Write out an exact copy of the line containing "Zara, Pants &" and all lines that follow it in the data below, leaving out pictures.

[EXERCISE DATA — start]

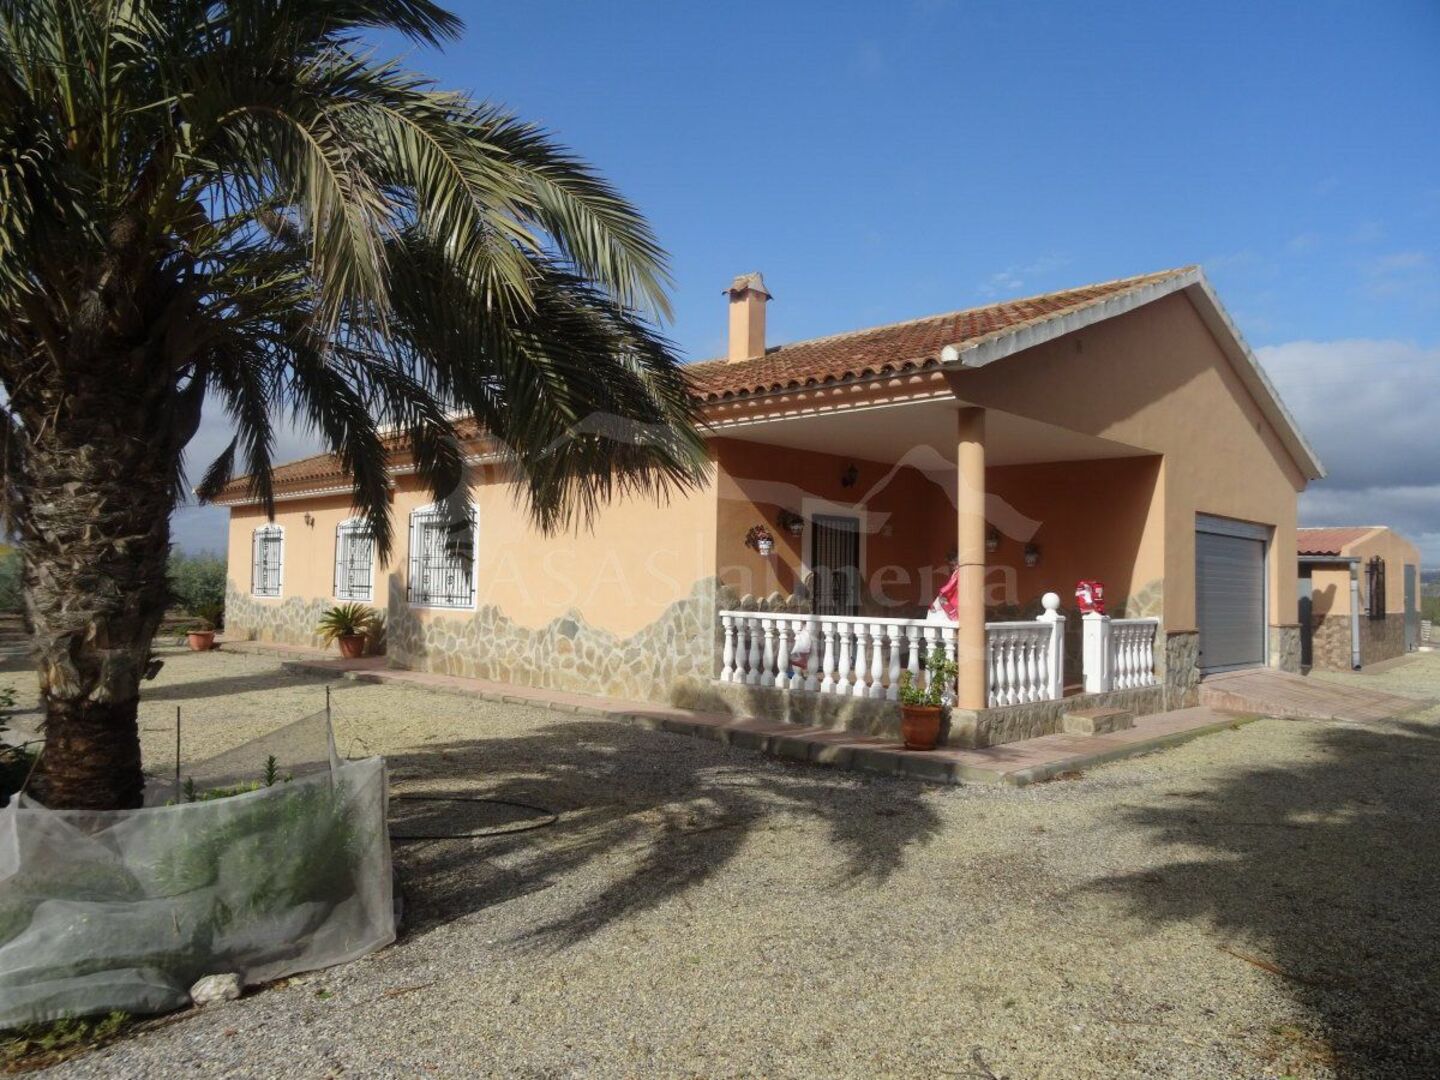 R02258: Villa en venta en Huercal-Overa, Almería
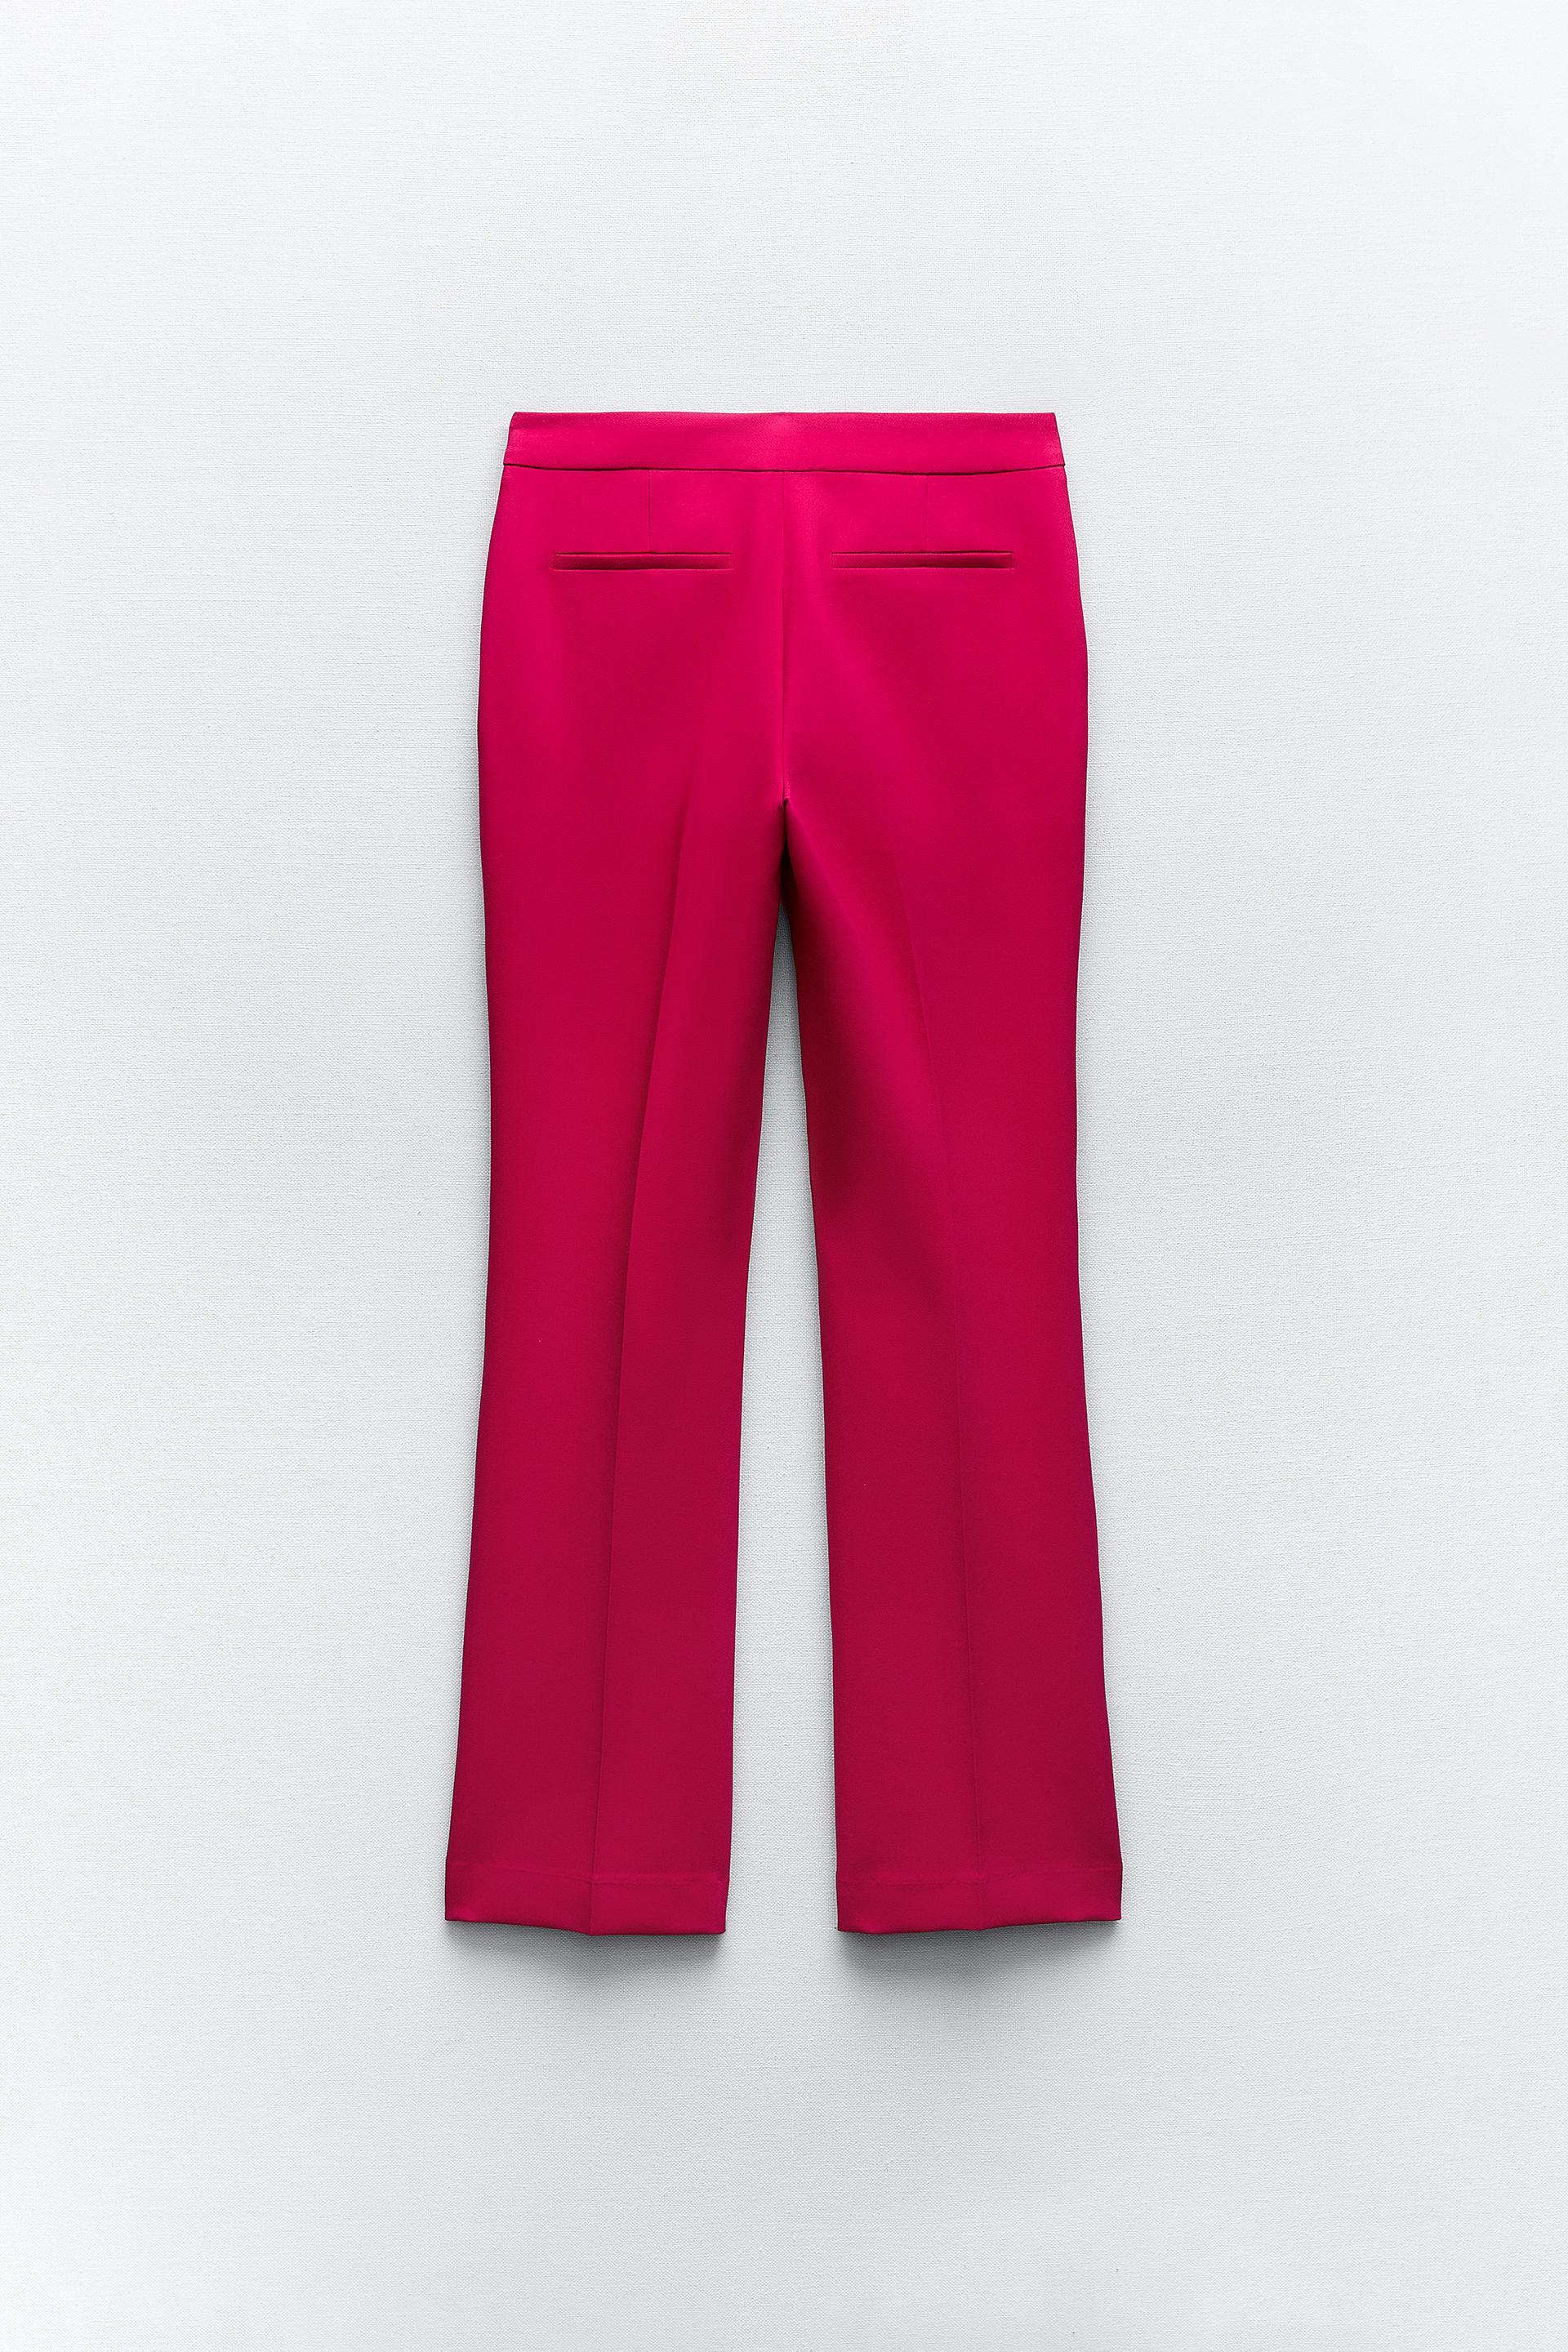 Zara, Pants & Jumpsuits, Zara Flared Satin Pants Dusty Rose Size Small  Nwt
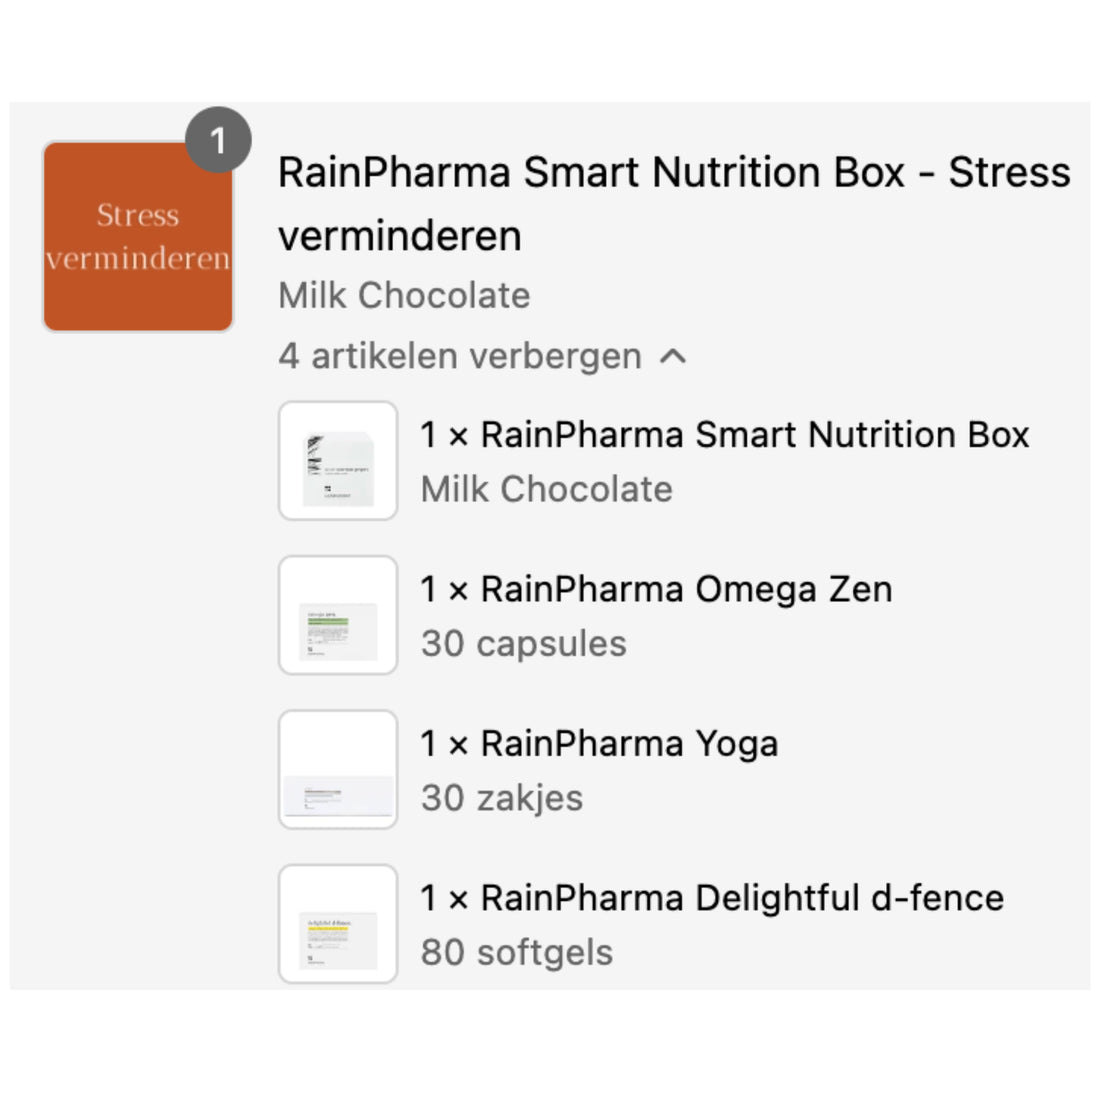 RainPharma Smart Nutrition Box - Stress verminderen

[EXERCISE DATA — finish]

-- WORKED SOLUTION --
 Zara, Pants & Jumpsuits, Zara Flared Satin Pants Dusty Rose Size Small  Nwt
 RainPharma Smart Nutrition Box - Stress verminderen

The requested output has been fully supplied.